"We are addressing the queries and working with partners to resolve the issues," says Palash Roy Chowdhury, managing director (India) for Pratt & Whitney (P&W) dismissing the criticism around its controversial PW1100G engine that's powering some Airbus A320neo aircraft of IndiGo and GoAir.
There are billions of dollars at stake for P&W, the US-based aerospace engine maker, after its engine - PW1100G - based on geared turbofan (GTF) technology started developing snags one after the other. "Indian carriers have been early adopters of this technology," says Chowdhury.
A series of incidents over the past two months has raised doubts on the safety of P&W engines. According to reports, there are six incidents involving A320neos using P&W engines which have developed glitches, including a fire on the tail of a GoAir flight. Following which, the aviation regulator Directorate General of Civil Aviation (DGCA) ordered boroscopic inspection of 21 Airbus A320neos (IndiGo's 16 and GoAir's 5).
The boroscopic inspection is expected to be completed in four days (by March 19). Sources say that the problems have cropped up due to harsh environment conditions in the country.

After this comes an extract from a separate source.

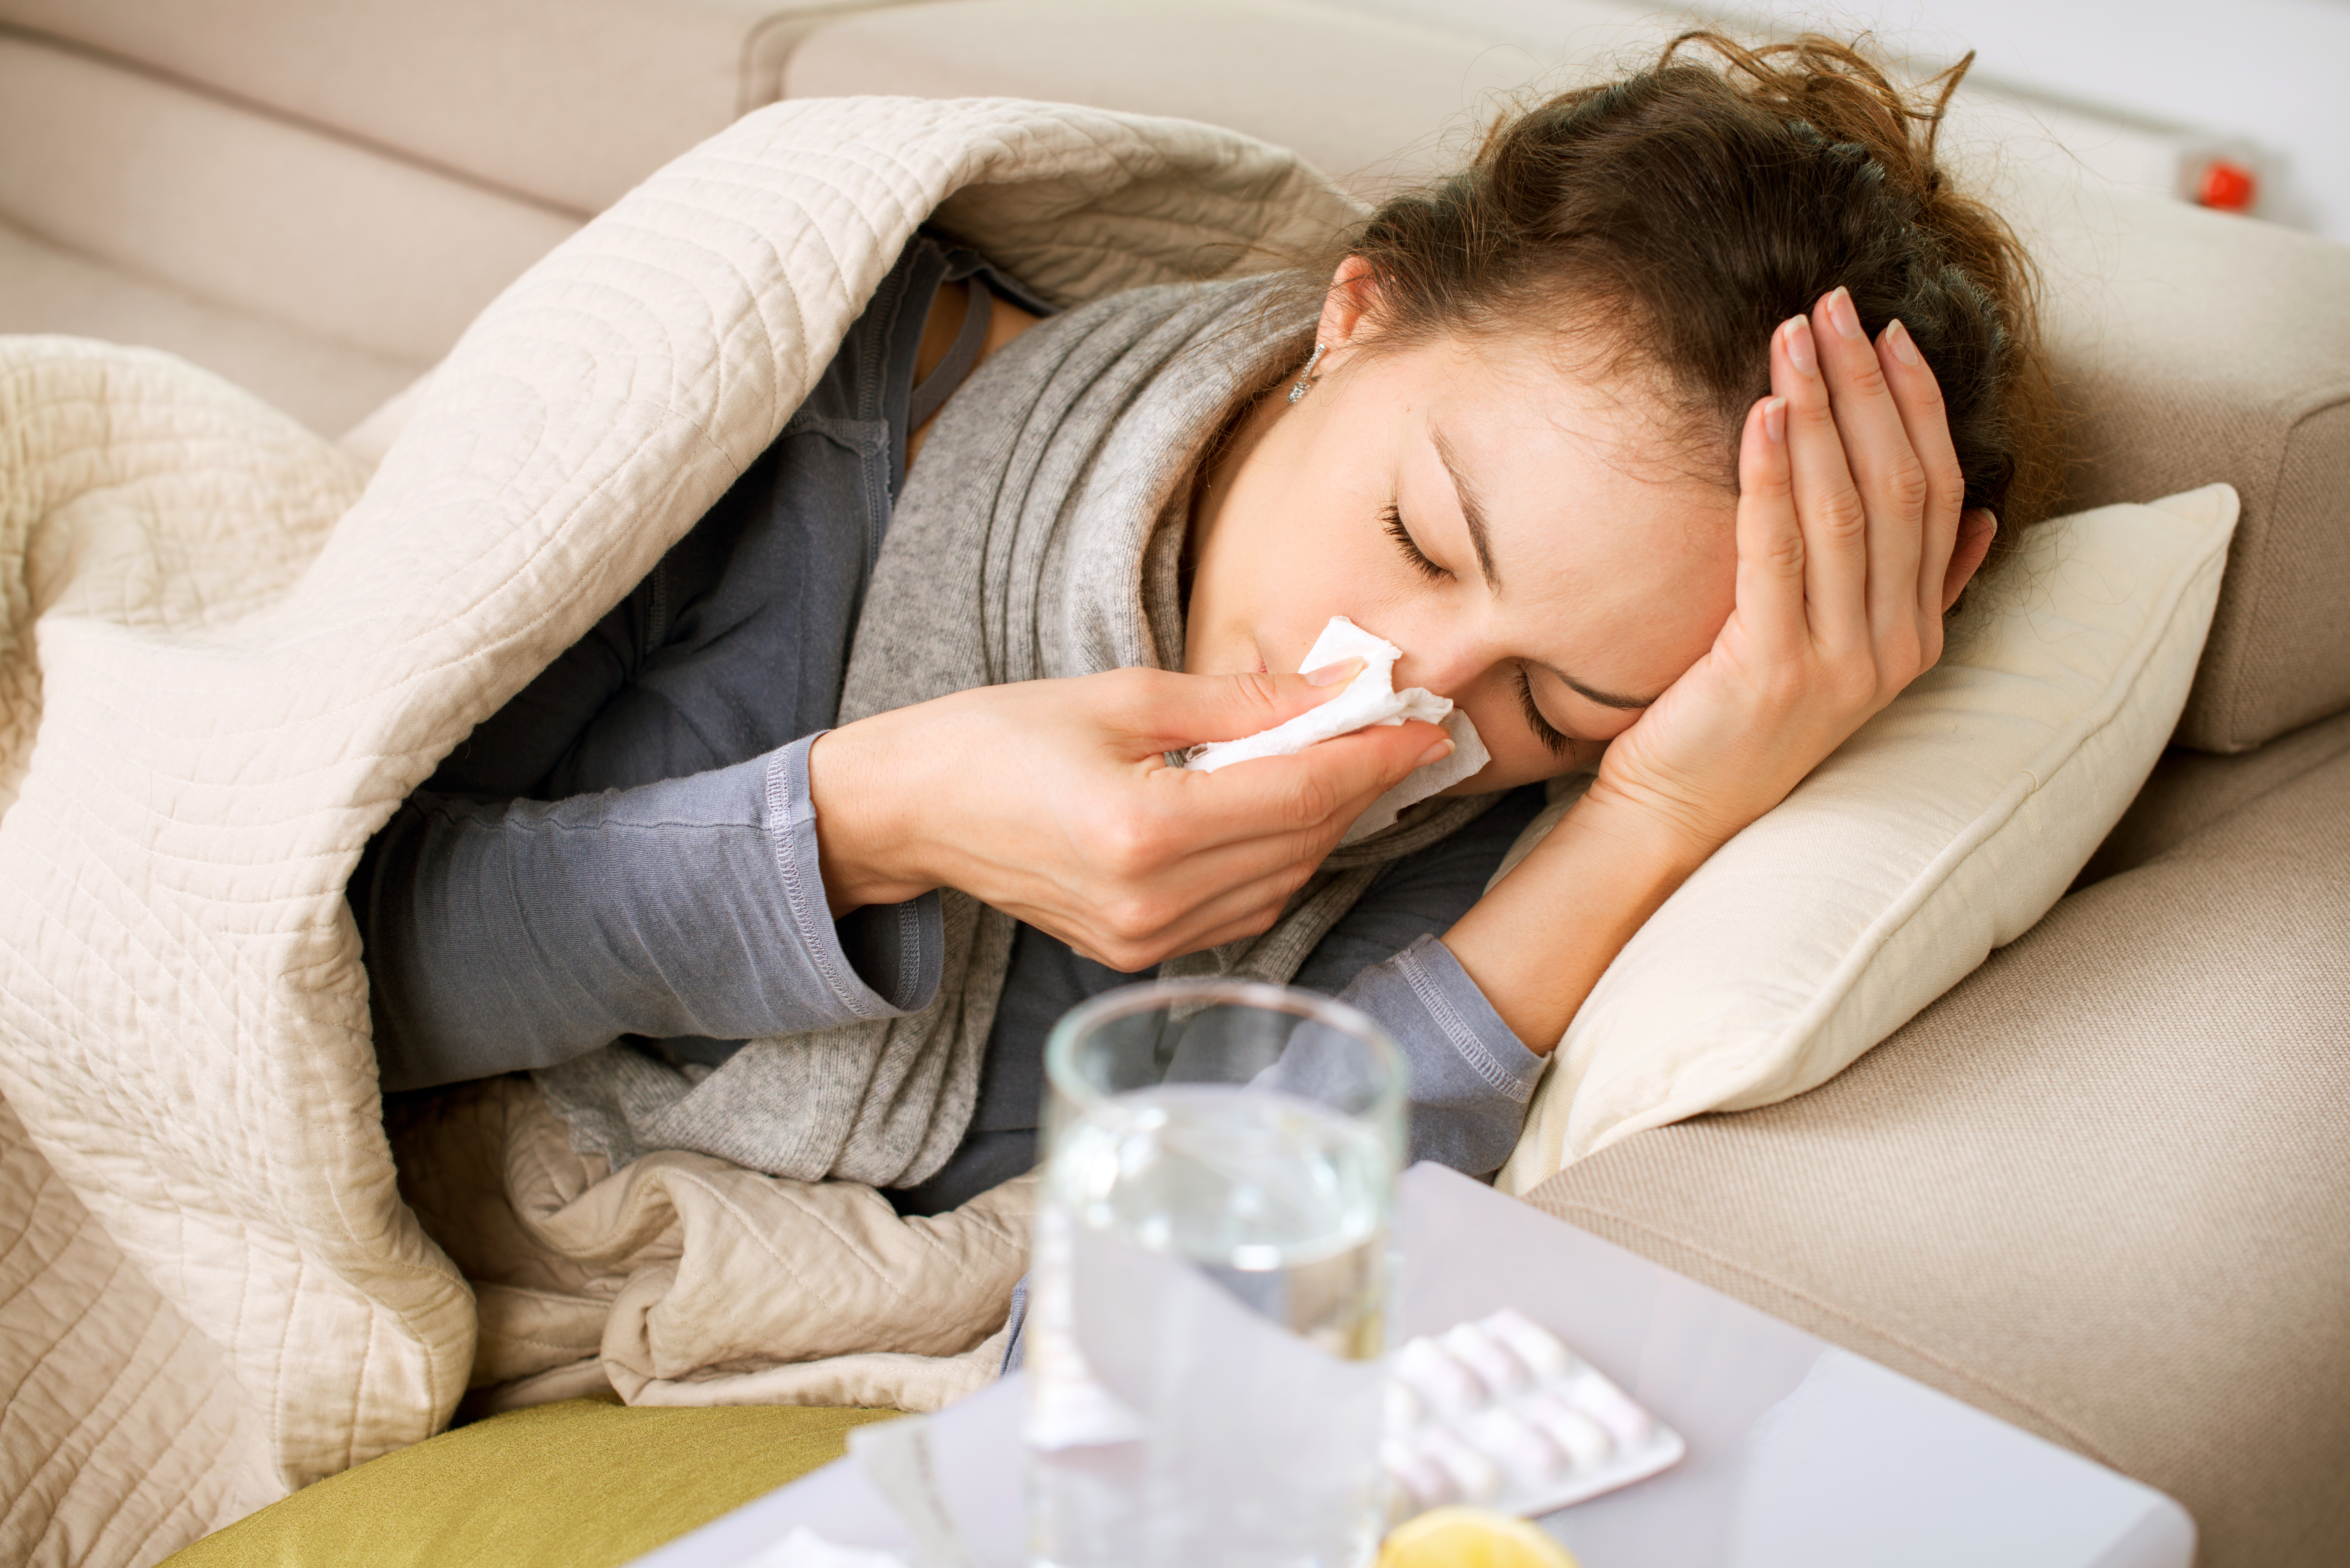 8 Tips for Preventing the Flu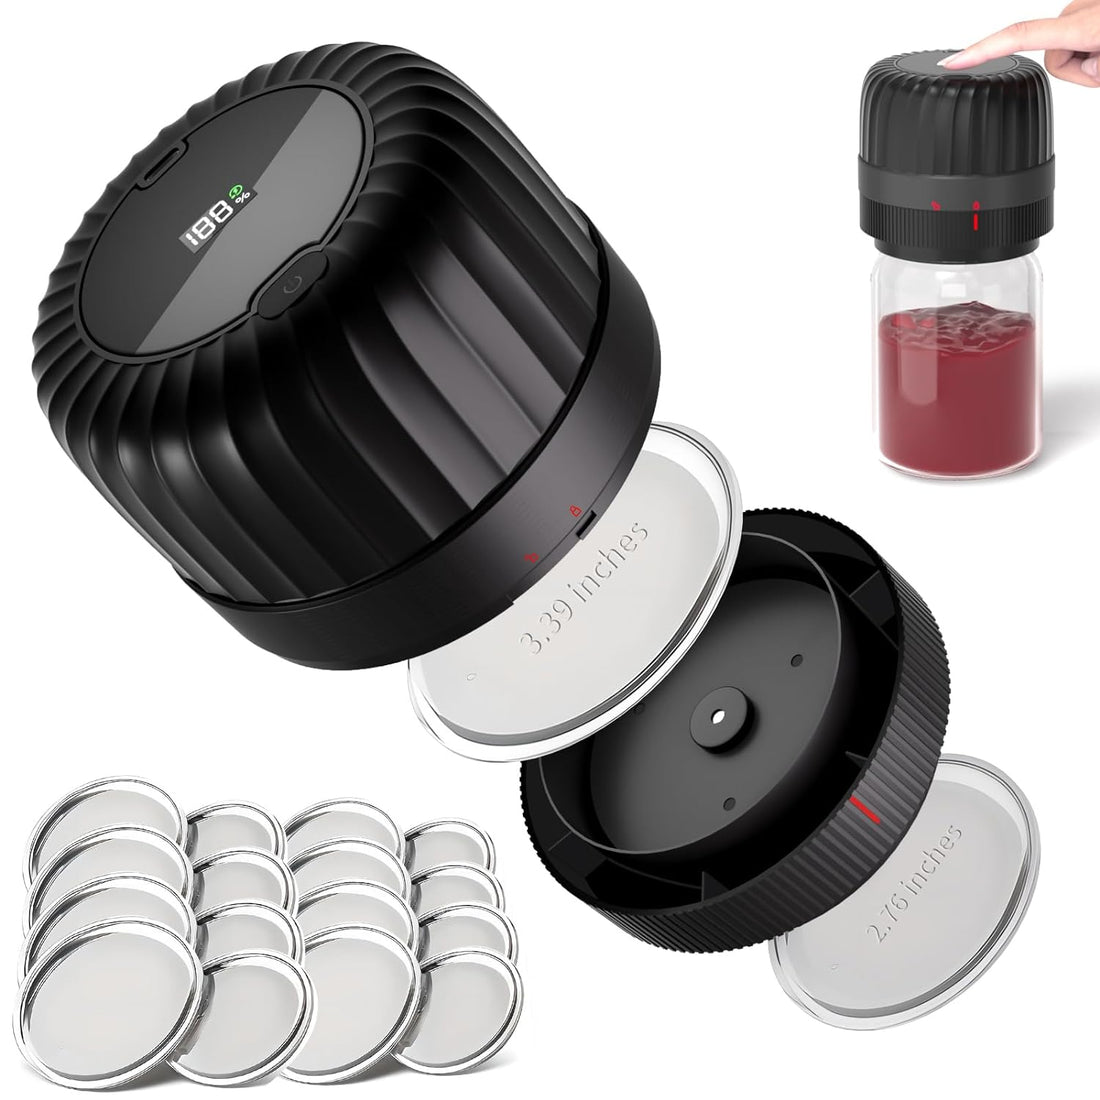 KITOOL Electric Mason Jar Vacuum Sealer Kit for Wide-Mouth & Regular-Mouth Mason Jars, Food Saver Vacuum Canning Sealer Machine Includes 16 Jar Lids

P&W's Chowdhury says that the typical lifecycle of such a programme (read: GFT technology) is about 30 years, and the technology has just finished its first year. "It's a new technology. The engine was commercially launched January last year with Lufthansa. The GTF technology is being delivered to 13 customers, and powering over 100 engines currently. There's a continuous improvement process for our programmes," he adds.
Currently, there are two major concerns with the engine - distress in a carbon-air seal for No. 3 bearing and degradation of combustion chambers. "The bearing problem will be addressed in a few weeks whereas the combustion chambers issue will be fixed in the next round of upgrade by September this year. As we implement solutions, the problems will go away," says Chowdhury.
In the meantime, P&W has arranged for spare engines in order to avoid inconvenience to its customers. Nearly half of the fleet equipped with PW1100G engines are operating in India at the moment.
Developed over the past 10 years with a total cost of $10 billion, the GTF engine was supposed to benefit airlines enormously. The engine has lower noise footprint (75 per cent less), consumes 16 per cent less fuel and reduces regulated emissions by 50 per cent. The parts of the engine is manufactured across different parts of the world and assembled in three locations - Connecticut, Florida and Germany. P&W has about 8,000 pending orders for engines based on GTF technology.
In the aviation history, engine-related snags are rare. However, airlines in India have faced engineering and equipment-related issues in the past. Boieng 787 Dreamliner, flown by Air India, had encountered 44 major engineering faults between 2012 and 2014, as per DGCA reports. Recently, Vijay Mallya, the head of now-defunct Kingfisher Airlines has blamed P&W's group firm IAE for supplying defective engines which led to the fall of the airline.